Paulingite is a perfect clear rhombic dodecahedron of 0.1 to 1.0 mm in diameter. Their attachment to vesicles causes a hemispherical shape exhibiting 5 to 6 planes of dodecahedral planes. In the vesicular walls, they appear to be dark brown to black. They are actually clear and colorless due to clarity and their attachment to the vesicular wall. The crystal faces are smooth and planar and have a bright vitreous luster. The crystals have no cleavage. Under a binocular microscope, it resembles chips of ice. Lamellae seen optically may indicate twinning. They have a conchoidal fracture. It has a white streak. Rhombic dodecahedron is the dominant crystal form for paulingite. The hardness of paulingite is 5. The size of the paulingite unit cell is outstanding because it is the largest inorganic compounds exceeding most complex, intermetallic compounds. The measured density is 2.085 g/cm^{3} and calculated density is 2.10 g/cm^{3}. The figure below shows the dodecahedron shape of paulingite mineral.

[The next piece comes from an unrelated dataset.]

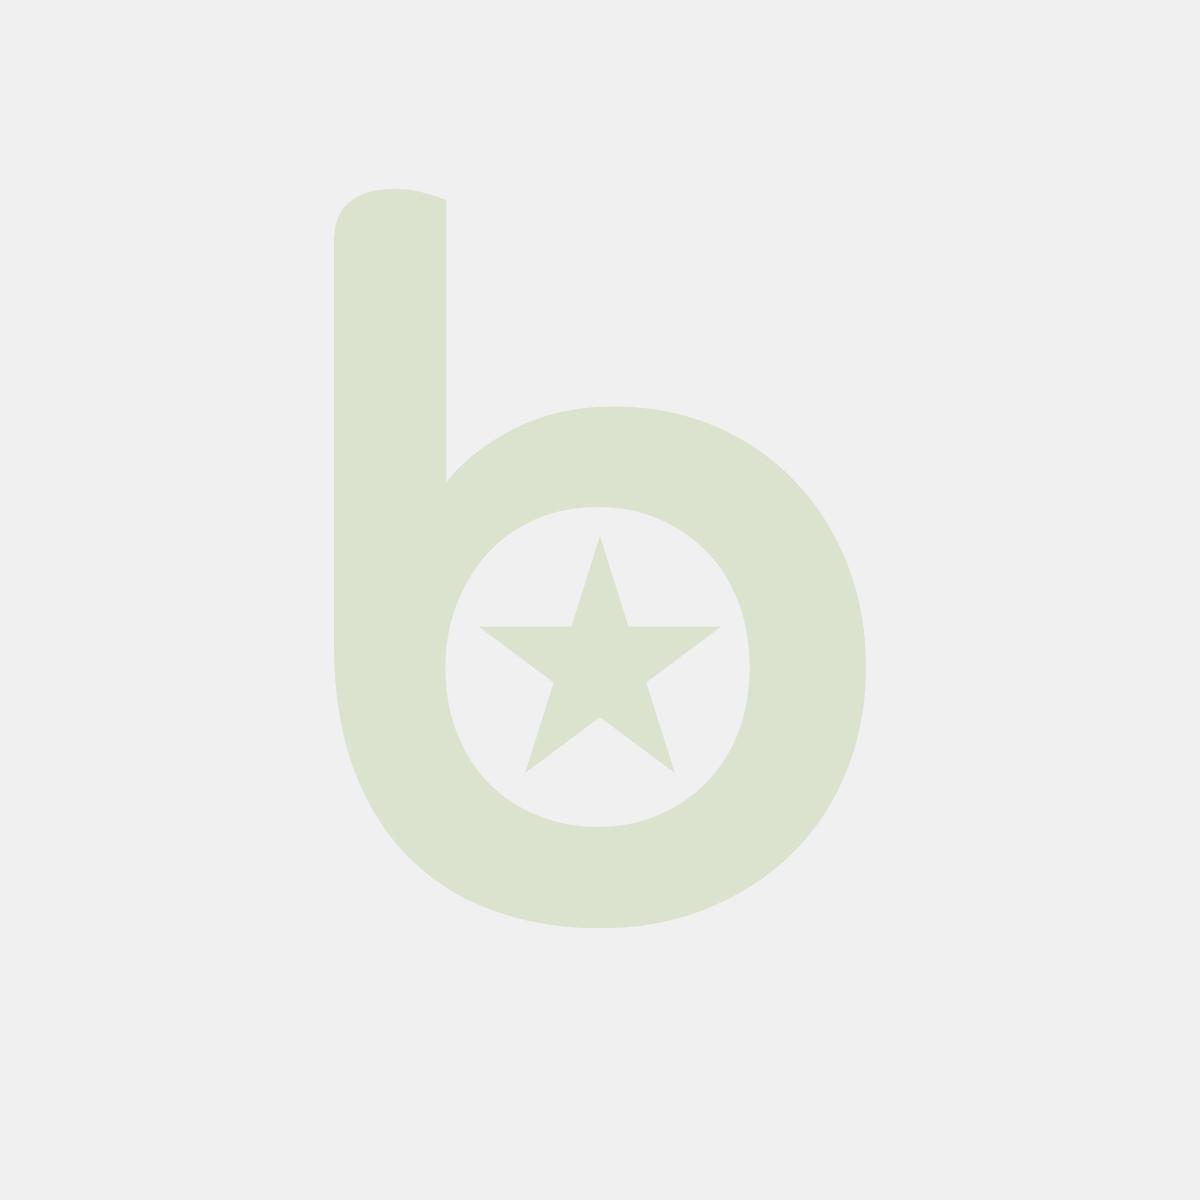 Torby i torebki Opakowania papierowe Opakowania BAGSTAR
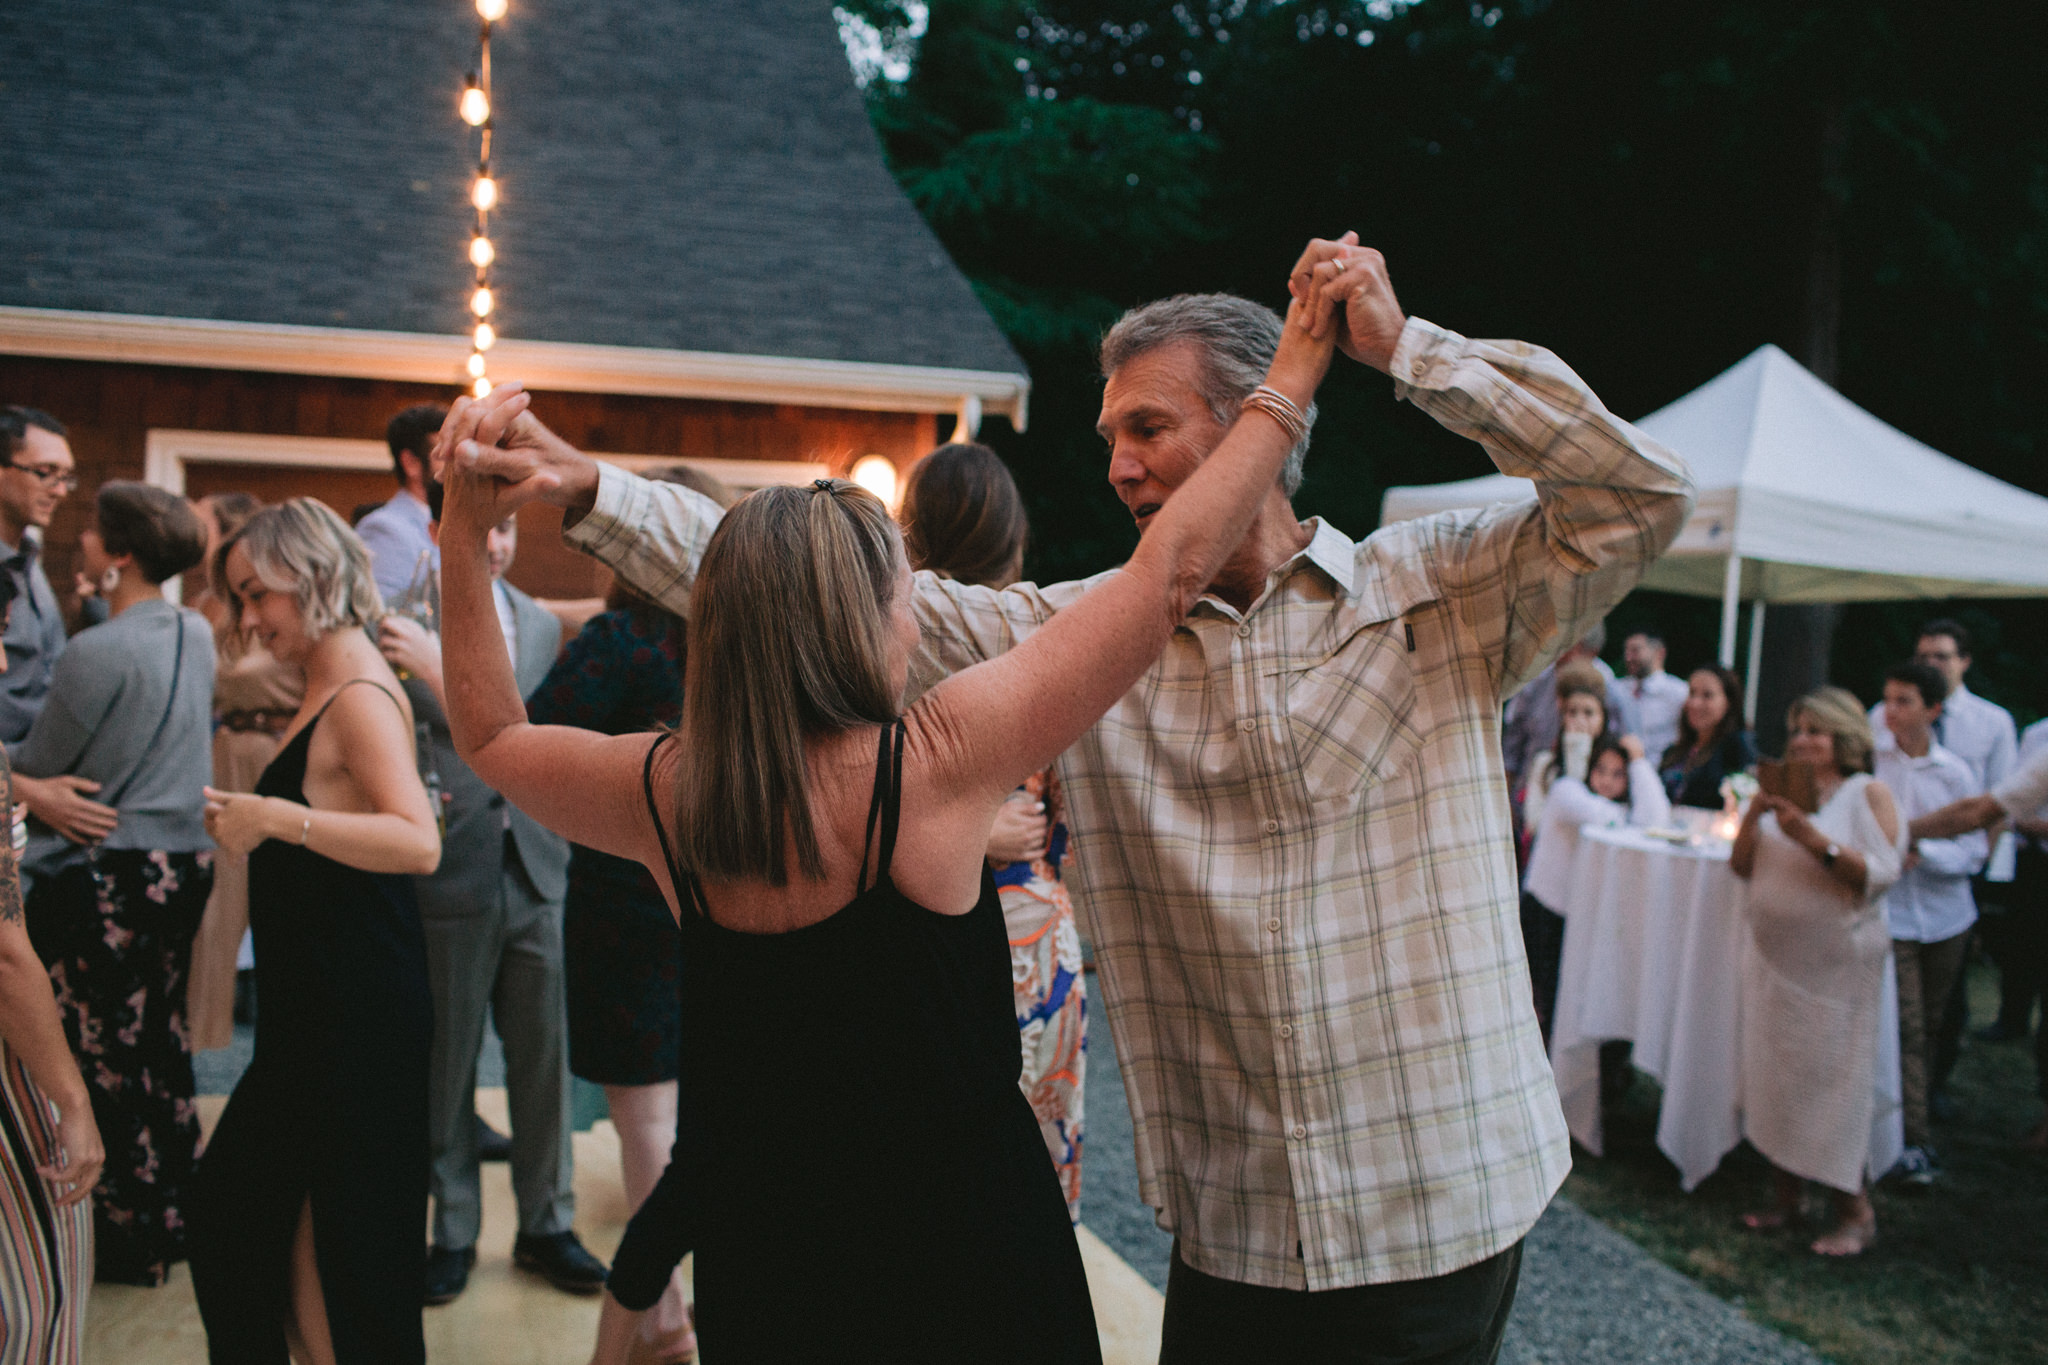 Backyard-Bainbridge-Island-Wedding-Alycia-Lovell-Photography-237.JPG

Viewing under a petrographic microscope, the crystals contains a scattering of minute bubble-like inclusions. Paulingite is mostly isotropic and in extreme cases that faint, isolated, fuzzy and weak birefringent twinning which is a determining factor for differentiating paulingite from analcite (NaAlSi2O6·H2O). The refractive index at 230 in sodium vapor light by immersion method is 1.473. Single crystal diffraction study provides information that paulingite is cubic and the cubic length of a_{0} = 35.10 Å. It was determined from rotation photograph using copper Ka radiation, nickel filtered, with the film in self-calibrating arrangement. The reflections were indexed with the help of a zero-layer Weissenberg photograph. Reflections of the type hkl for l = 0 to l = 12 have been examined with equi-inclination weissenberg photographs, and only reflections having h+k+l even are observed, indicating a body-centered lattice. The crystal system is isometric. The space group of the paulingite is Im3m and the point group is 4/m3 2/m (Kamb and Oke 1960).

==Geologic occurrence==

Paulingite is usually found in vesicles of basalt flows. Because of its rarity, certain chemical factors have to be considered for its formation. The exchangeable cations do not control the formation of paulingite because variations of localities have different percentages to elements; e.g. Riggins zeolites are K rich while Chase Creek is Barium rich. The Si/Al ratio does not control the formation because the ratio is controlled by the pH of the solution. They may have formed around hydrated or partially hydrated alkali and alkaline earth cations which act as a template. Relatively low-saline solutions promote paulingite framework. So it occurs in sub-alkaline rocks. There are following localities where paulingite are also found which include Riggins in Idaho country, Ritter in Grant county and Chase creek in British Columbia. In Europe, Paulingite was found among zeolites of the Giants Causeway in Ireland and two zeolite localities near Howeneeg and Vogelsberg (Tscherinch and Wise, 1982).

==Distribution==

In the US, at Rock Island Dam, on the Columbia River, Wenatchee, Douglas Co., Washington; from near Riggins, Idaho Co., Idaho; and at Three Mile Creek, near Ritter, Grant Co., Oregon. On Chase Creek, at the junction with Charcoal Creek, north of Falkland, British Columbia, Canada. Large crystals from the Giant's Causeway and Craigahulliar, Portrush, Co. Antrim, Northern Ireland. At Kladno and Vinarice, Czech Republic. In the Höwenegg quarry, Hegau, Baden-Württemberg, and in the Ortenberg quarry, Vogelsberg, Hesse, Germany.

==Association==

Zeolite mineral species, pyrite and calcite are the important minerals are usually found in association with paulingite.